TASK:
Your copy should repeat the data that follows exactly and contain no image.

DATA:
■ ■ ■ ■

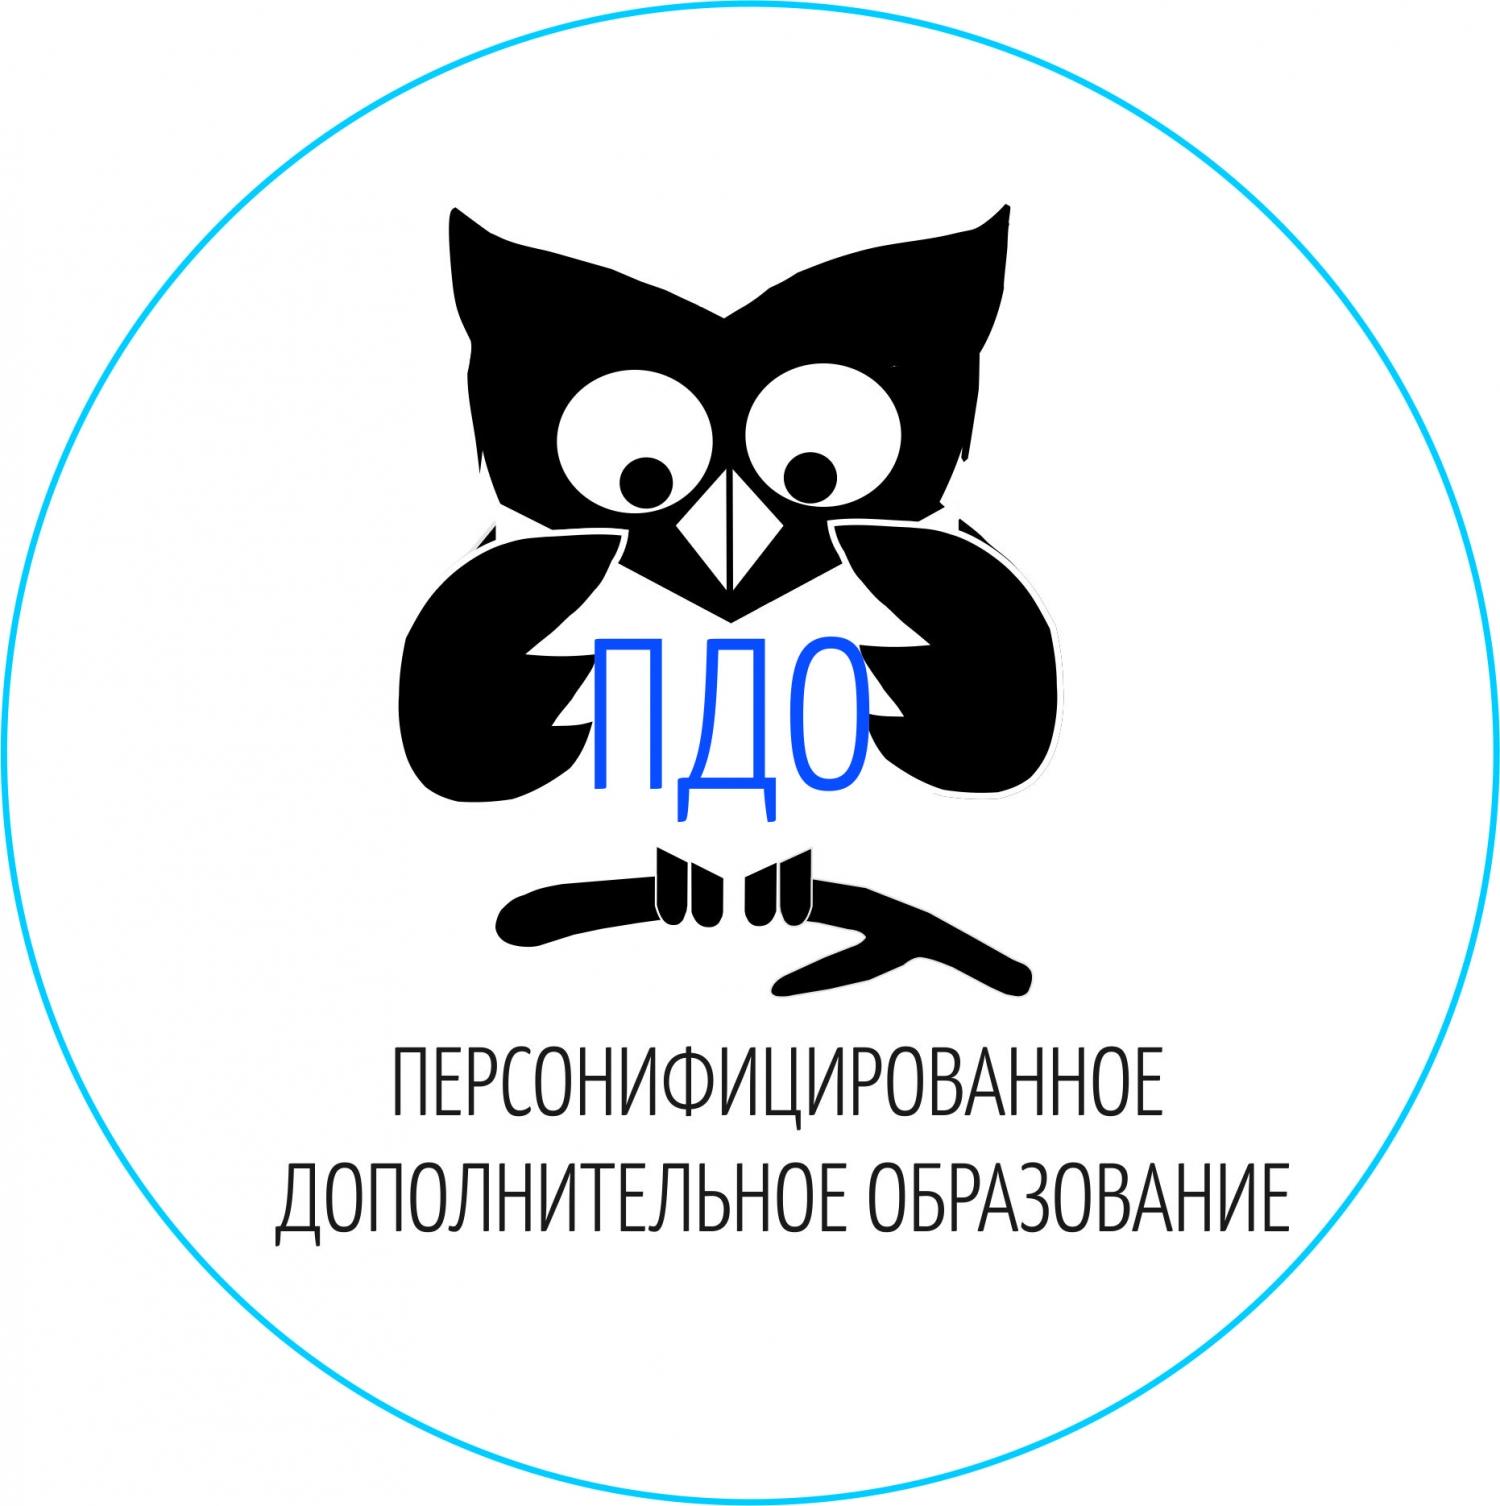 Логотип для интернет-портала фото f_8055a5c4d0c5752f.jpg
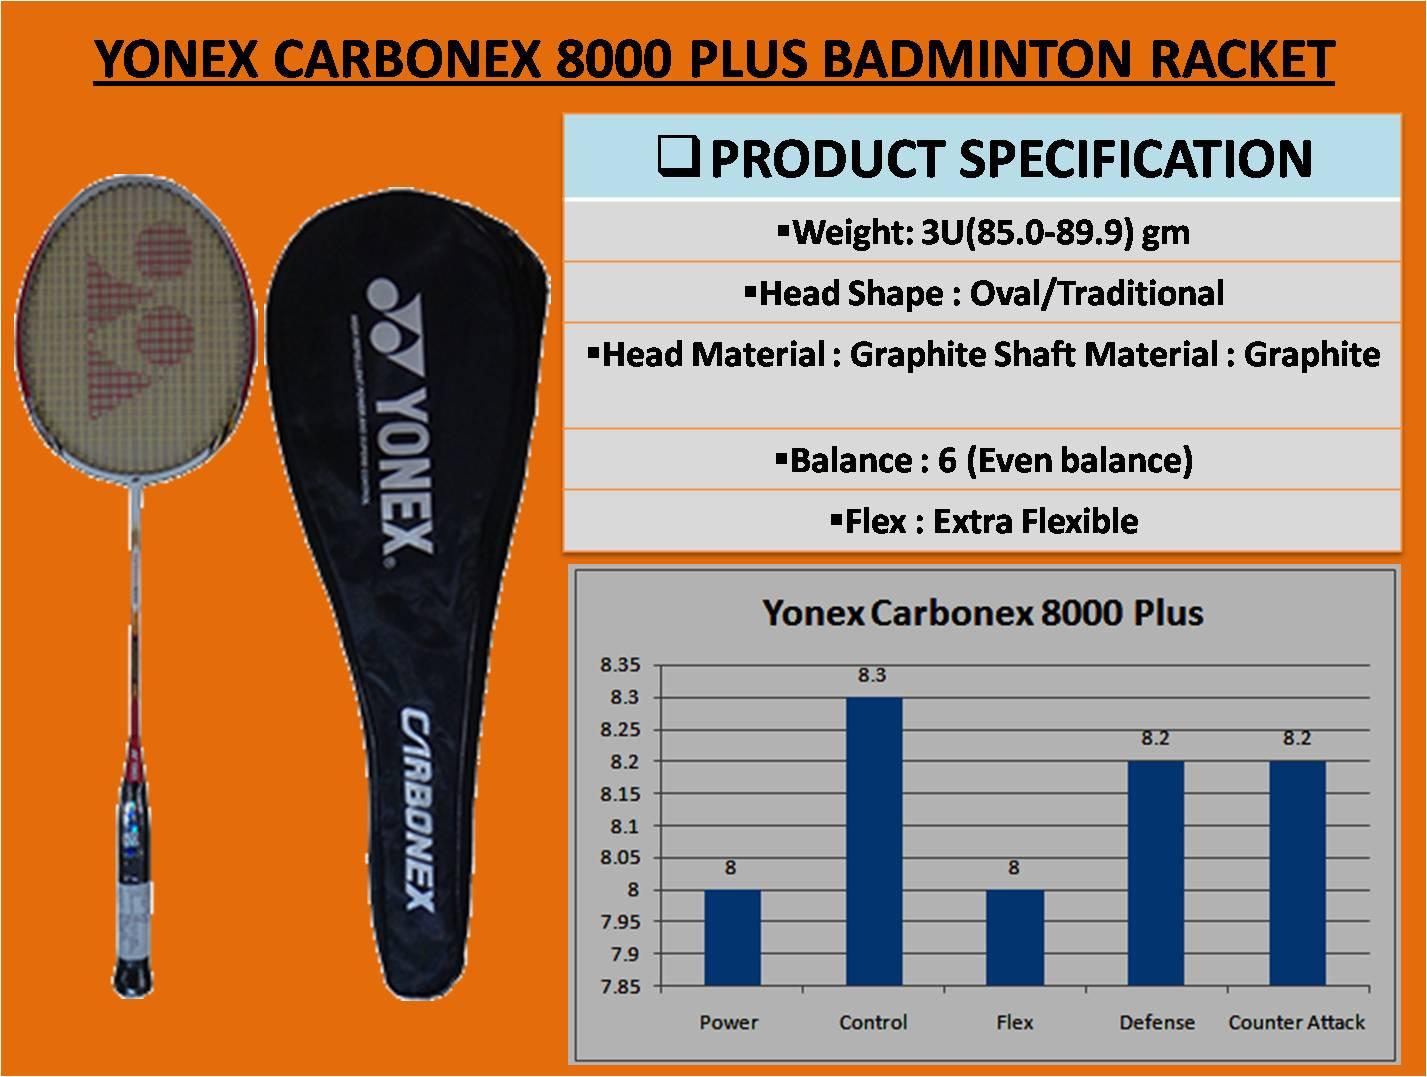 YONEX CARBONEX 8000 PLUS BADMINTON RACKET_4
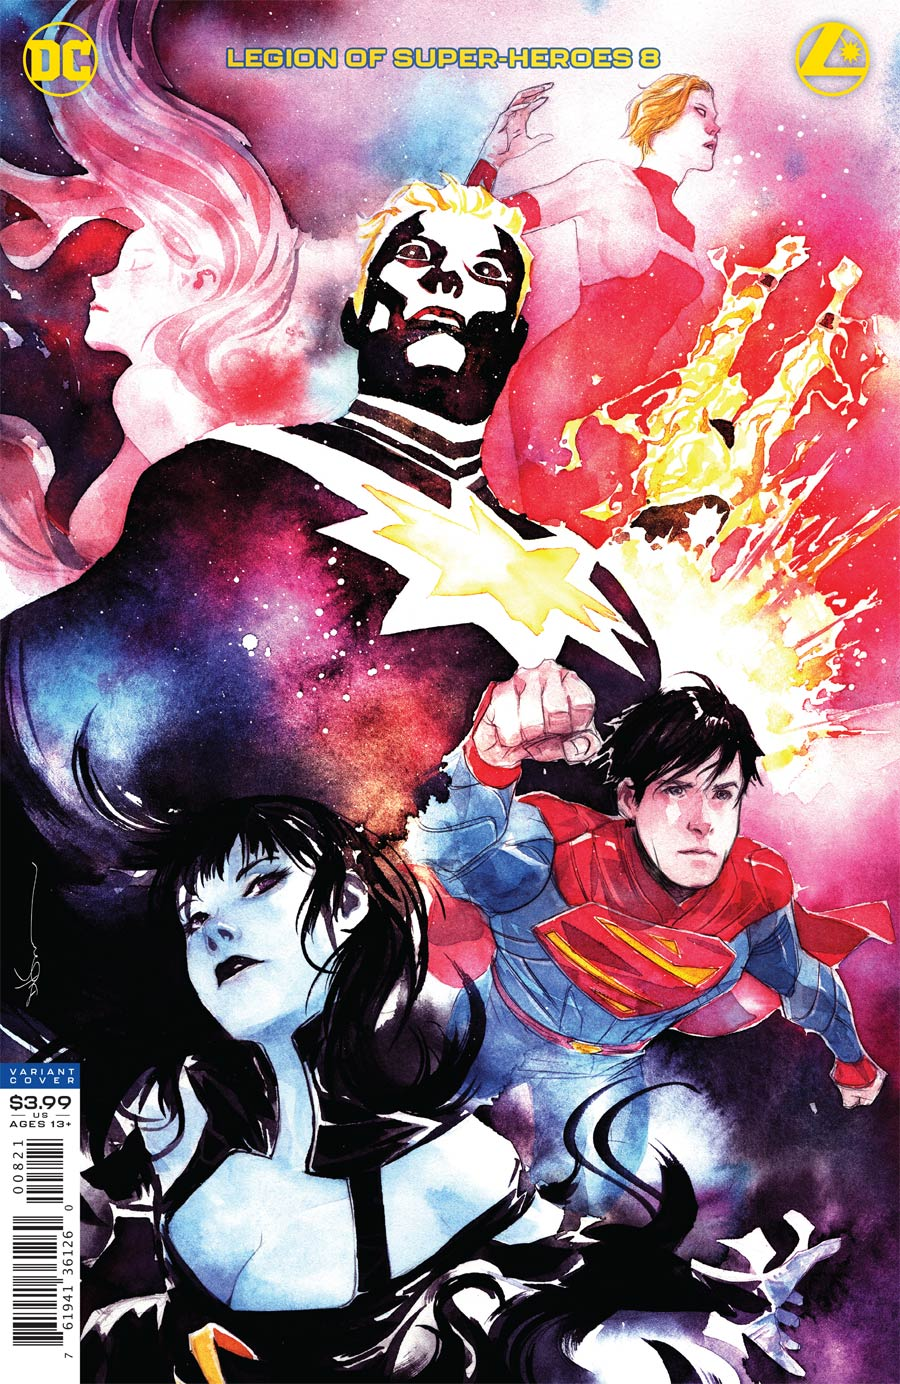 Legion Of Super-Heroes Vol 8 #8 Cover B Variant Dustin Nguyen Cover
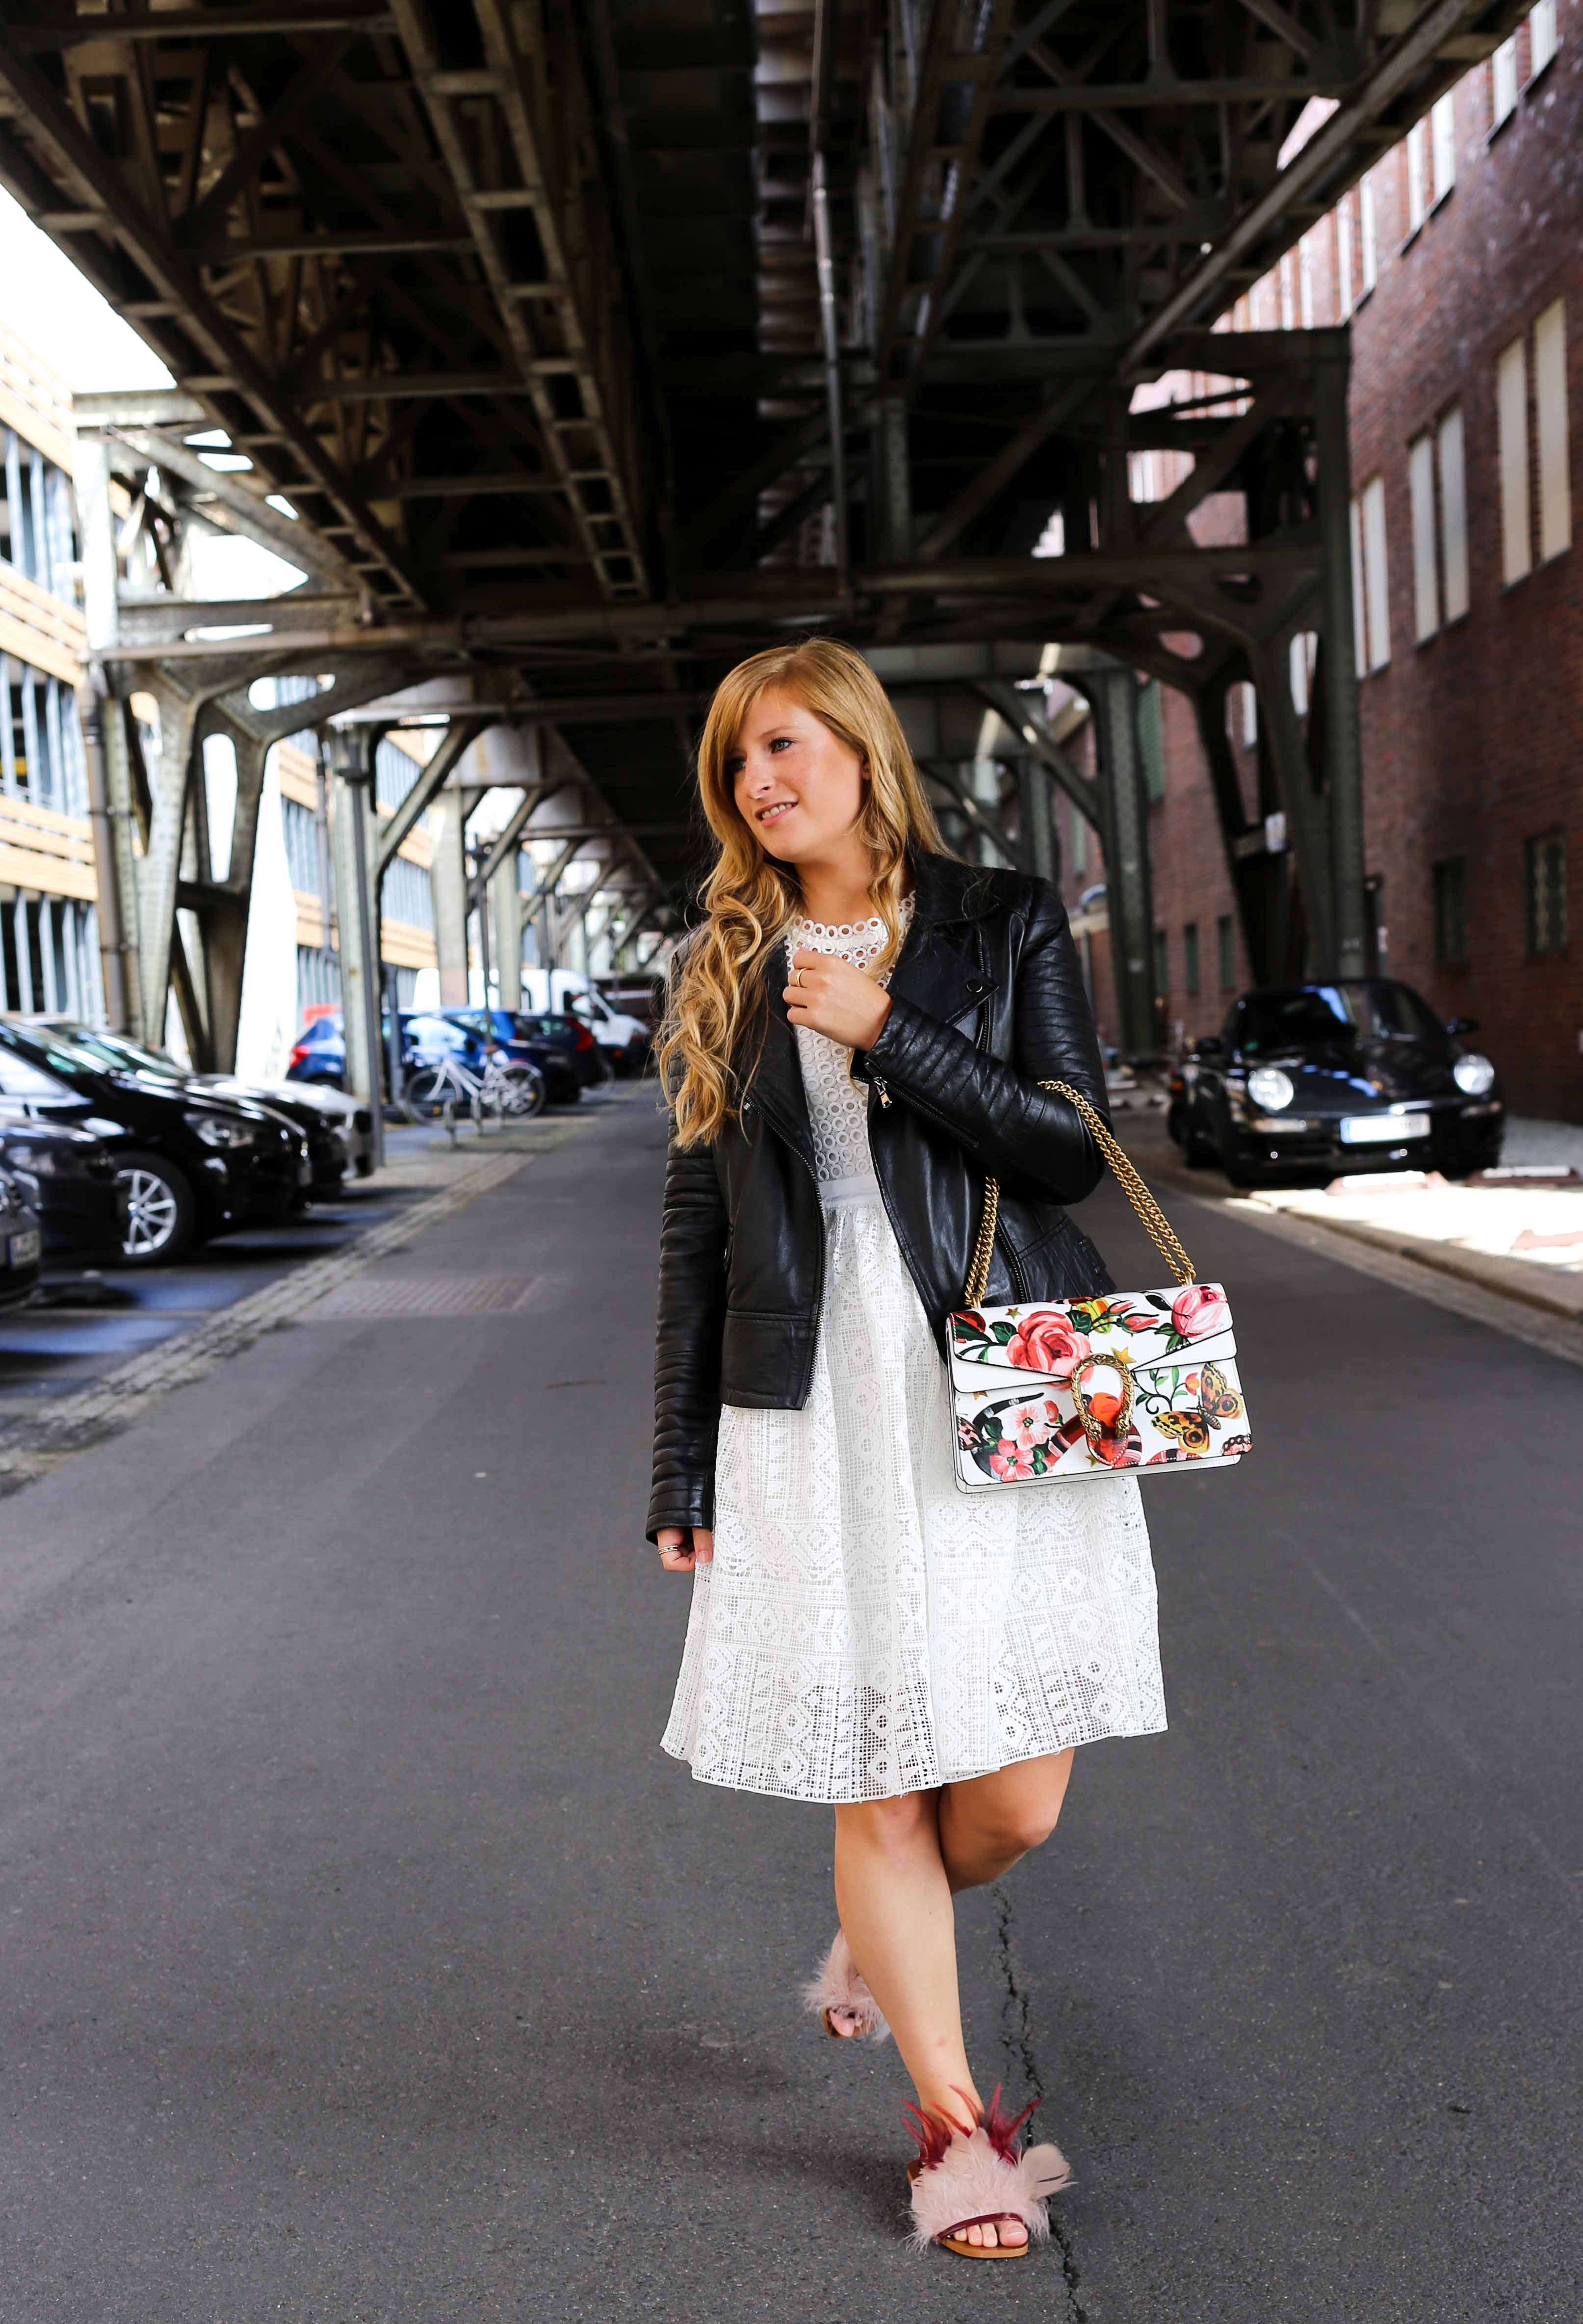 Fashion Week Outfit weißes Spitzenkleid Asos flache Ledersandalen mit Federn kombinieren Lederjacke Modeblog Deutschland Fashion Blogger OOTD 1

■ ■ ■ ■

PROBLEM SOLUTION:
 Логотип для интернет-портала фото f_8055a5c4d0c5752f.jpg
 YONEX CARBONEX 8000 PLUS BADMINTON RACKET_4
 Legion Of Super-Heroes Vol 8 #8 Cover B Variant Dustin Nguyen Cover
 Fashion Week Outfit weißes Spitzenkleid Asos flache Ledersandalen mit Federn kombinieren Lederjacke Modeblog Deutschland Fashion Blogger OOTD 1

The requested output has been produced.